What is now a current theme in finance to explain the slow reaction in prices and the opportunity for momentum profits is the idea of inattention. Investors are slow to react to news and thus slow to adjust prices which leads to trends. There is something missing about this argument. Investors seems to be inattentive, yet it begs the question of why would you be so inattentive and why don't machines just do the watching?
We will forgo this discussion and focus on some interesting research, "Earnings Expectations and Asset Prices". The researcher's focus on analysts' earnings expectations and find that they generally under-react to news, but the under-reaction declines during high volatility periods.
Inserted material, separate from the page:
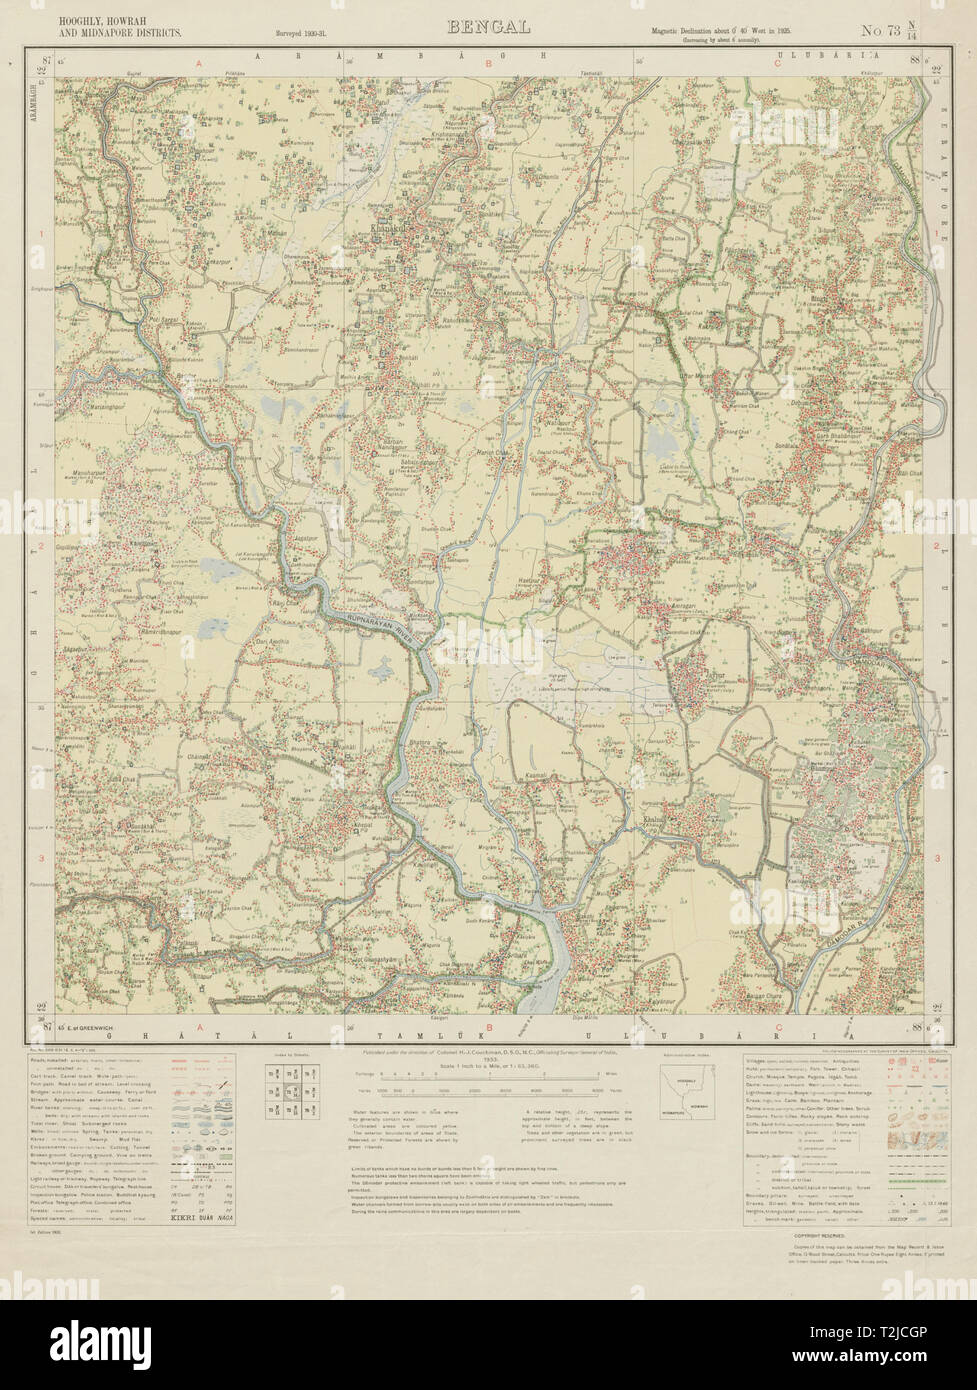 SURVEY OF INDIA 73 N/13 West Bengal Udaynarayanpur Kalna Khanakul 1933 old map Stock Photo

However, the degree of under-reaction has fallen over time. These stylized facts on earnings, assumed to be caused by inattention, can spillover to behavior of markets.
If earnings expectations are slow to adjust there will be momentum in markets. When the adjustments do occur, especially in higher volatility environments, there is the potential for momentum crashes. Hence, there is a reason for switching in momentum look-backs based on the volatility regime. Use longer loopbacks under normal times, and short loopbacks during more volatility times. A mixed momentum strategy makes sense. Of course, this paper provides many more insights, but it does a good job of linking the inattention to new information on expectations which creates an environment where momentum works. However, the profits from momentum trading will be linked with the adjustments of inattention by market participants.